Monday, May 30, 2005

It's just one war

Today is Memorial Day and the media and the celebrants bring out the last remaining WWI vets and the WWII and Korean War Vets and the Vietnam Vets and the two Gulf War Vets and honor them as they should. War is never glory and it is always pain, suffering, death and nightmares. Those who survive deserve the honors.

But what we forget, I feel, is that while we may call each war a separate event, every "war" since the opening guns of WWI has been but a battle in the war that started Aug. 1, 1914, when the German war machine crossed the borders of its neighbors. I was reminded reading Barbara Tuchman's "Guns of August" about the opening month of that war that all of the ills we have seen since then are directly connected to that month of August 1914.

World War I saw the old "royal" world of privilege and prestige for the nobles collapse for the last time. Oh, shreds of it still exist but they are essentially but shreds. The seeds of all the wars of the 20th and 21st centuries, so far, were planted in that war. First, Germany invaded neutral Belgium and thundered down on France. Almost by accident, the French, with British help, managed to bog down the German armies in the trenches not far from Paris. This led to the bloody trench warfare that intensified the rage on both sides, but particularly the allies against the "Hun." Then the Russian armies defeated the old Hapsburg Empire of Austria-Hungary which had been the lid over the boiling pot of the Balkans. In turn, the Germans soundly defeated the Russian army on the Eastern Front and that led directly to the fall of the fading Russian royal government and the rise of the Communists. And, finally, the Germans inveigled the politically corrupt Turkish Empire into the war on the German side. The Turks had maintained a tyranny over the Arab world.

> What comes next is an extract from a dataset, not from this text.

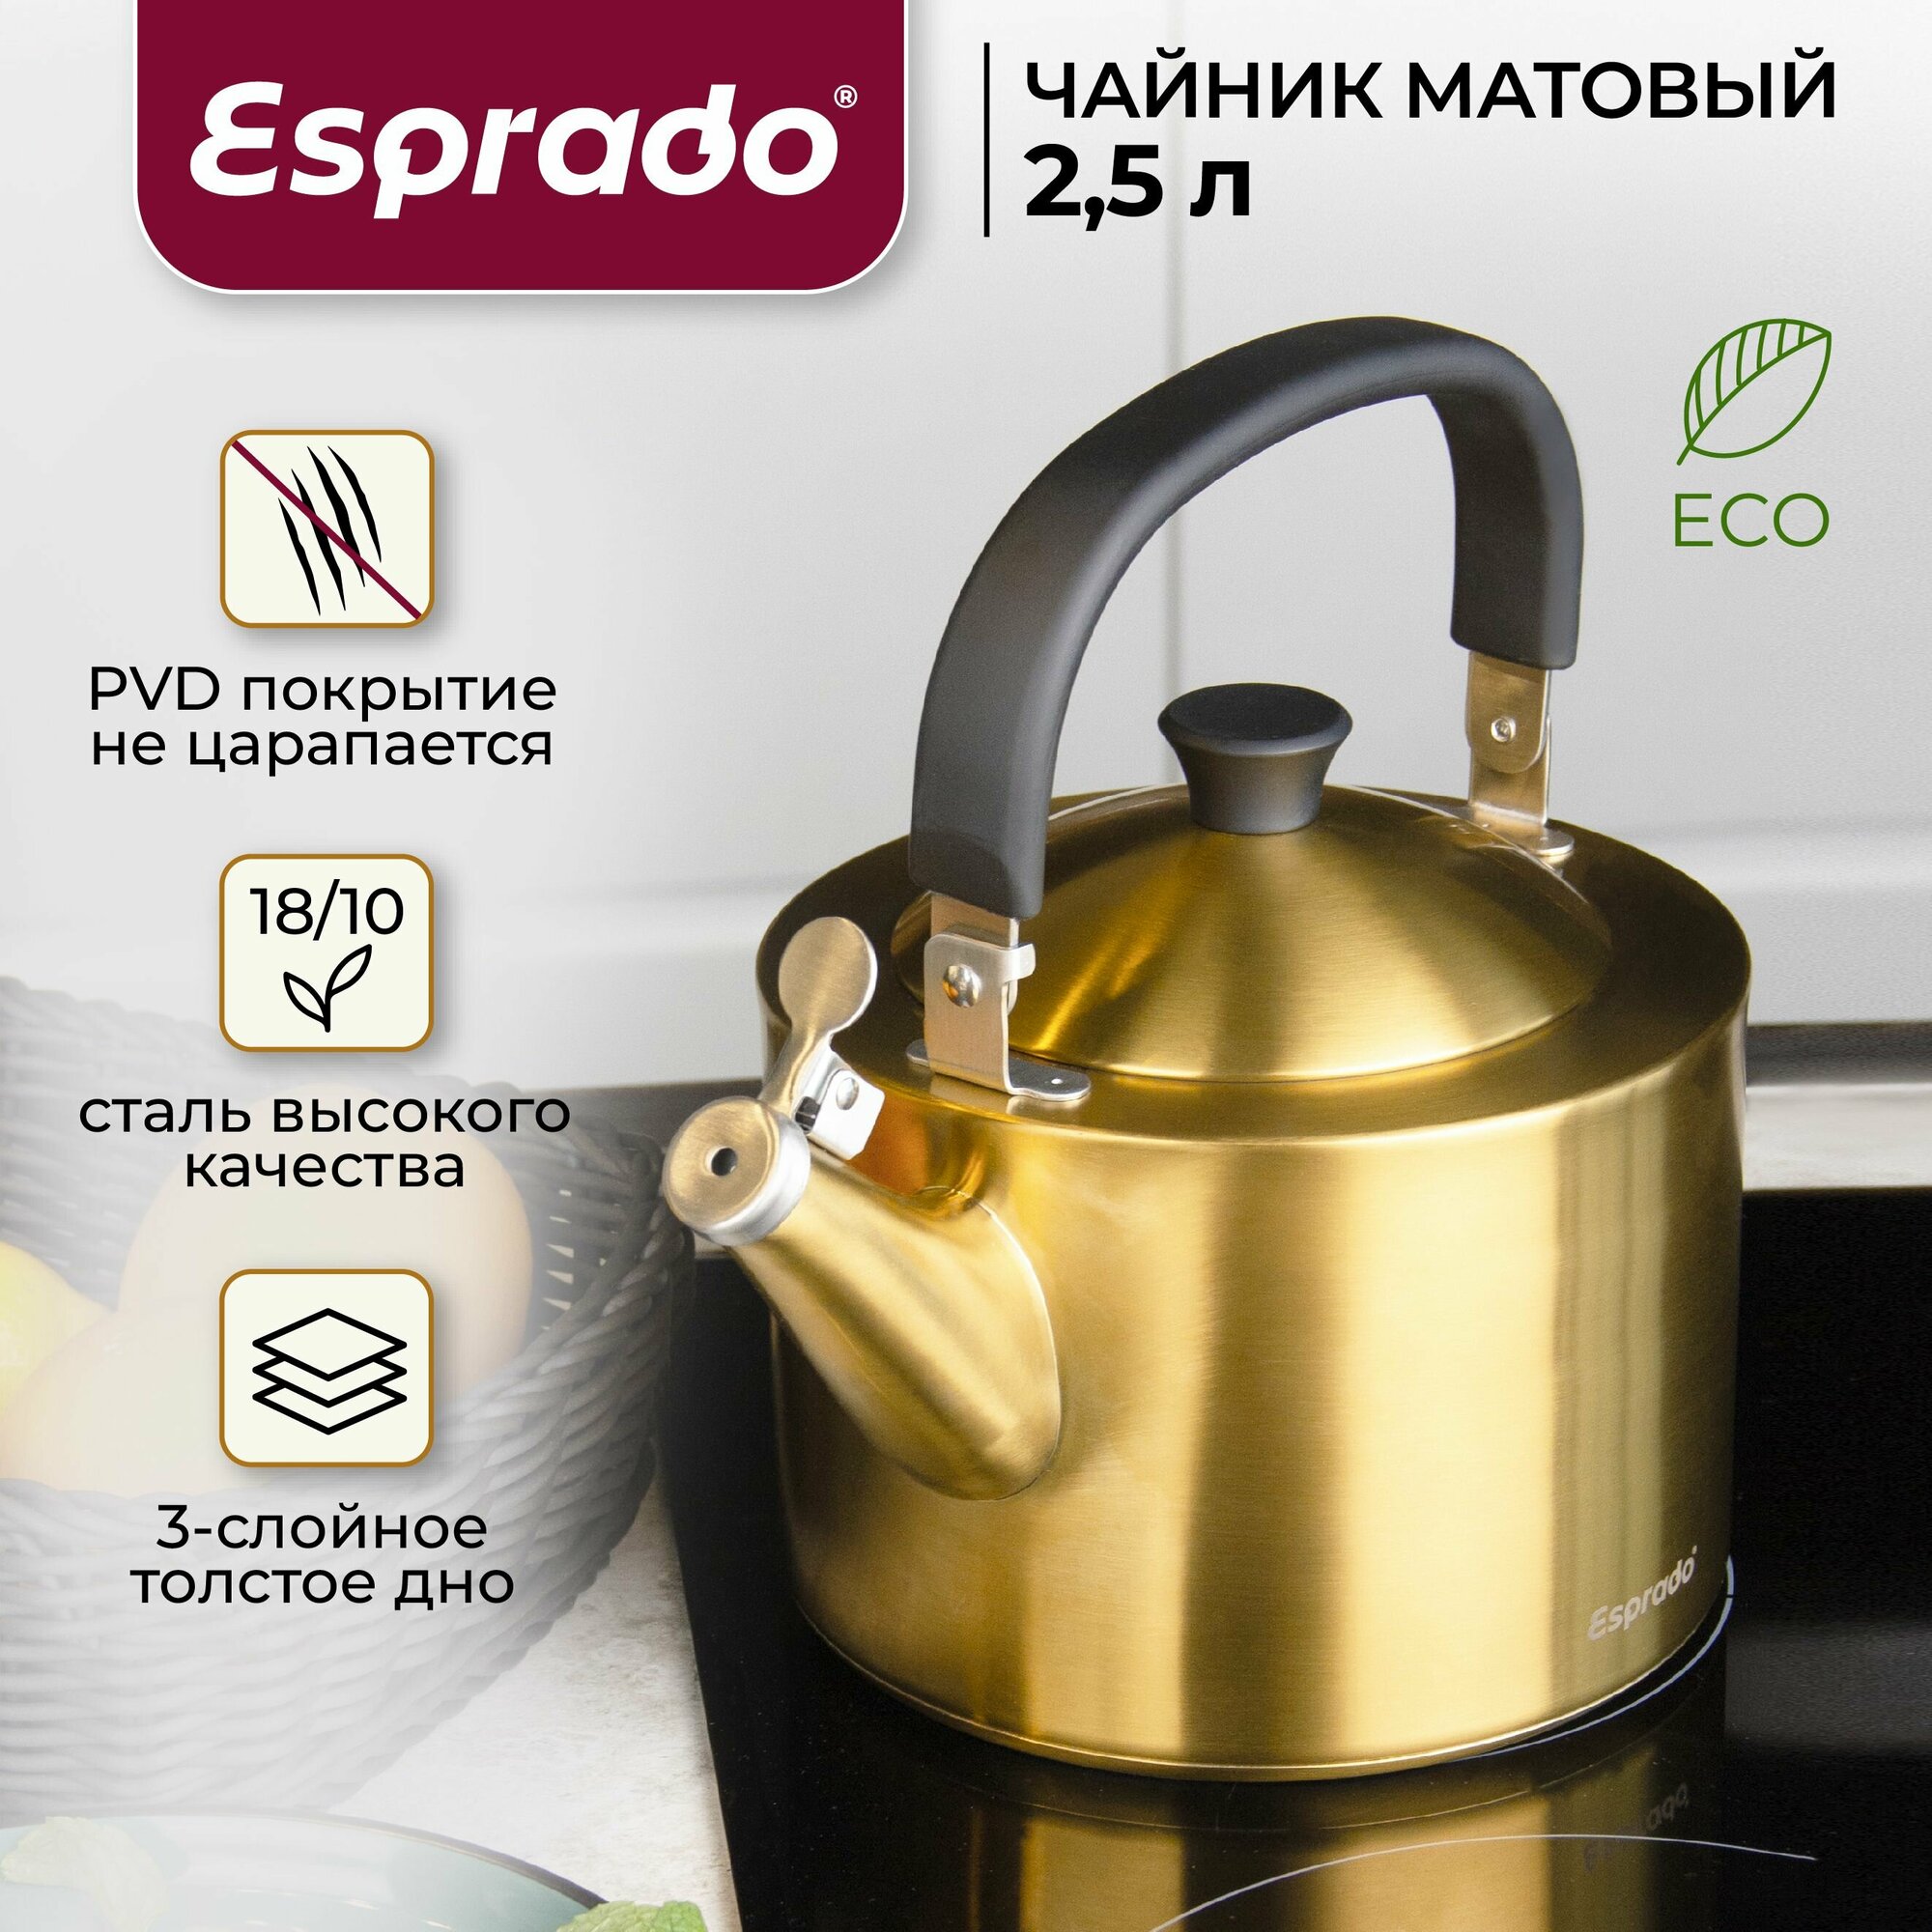 Чайник из нержавеющей стали c PVD покрытием, 2,5 л, матовый золотой Esprado Magnifico

What were the results? The vengeful allies demanded major reparations from the Germans which led to intense resentment and massive inflation in Germany that may have contributed to the international depression and which did lead directly to the rise of Hitler and World War II. When the Russian army was defeated, leading to stalemate and even more fear within Russia, the revolutionists who had tried to overthrow the tsar in 1905, succeeded this time. And after several months of struggle, the Lenin brand of communism was installed. The west's reaction to that led directly, after WWII, into the cold war that resulted in Korea, Vietnam, and Grenada and support for innumerable dictators around the world, as well as constant spending on arms for the world.

Today we are still living with the inept handling, in hindsight, of the Arab world by the victorious allies following WWI. The Turkish empire went south, the Arab world felt it deserved more control of its own interests and the manipulation of France and England, and later the U.S., in the Near East led to the tensions we are seeing there now.

This is the simplified history of what has been, so far, a 91-years war. Tuchman also wrote "A Distant Mirror" in which she dissected the 100-years war that led to the end of feudalism and the beginning of mercantilism. For the people of its time, it was not a 100-years war, but a series of wars that came and went. It was accompanied by the Black Plague that helped topple the establishment of the time. Today we have flu and HIV and maybe some others waiting in the wings.

I guess the point I am trying to make is that without seeing our wars of the 20th and 21st Century in perspective, we cannot see what is happening. We are in the cusp of a changing world. We still have feudalists and mercantilists and industrialists are there who want to go back to the world in which they originated. Toffler's First and Second Wave beliefs are still among us. But we are living in a changing world in which many of those beliefs no longer are viable. It has been the crushing blows of the 91-year war that has led to mighty changes in the way we live. When I was a child, we had no computers, no jet planes, no cell phones, no pocket calculators, no microwaves. Today we have them all. For good or ill, our world has changed under the impetus of our war. We cannot look at it as a series of separate events. We must look at how the pieces fit.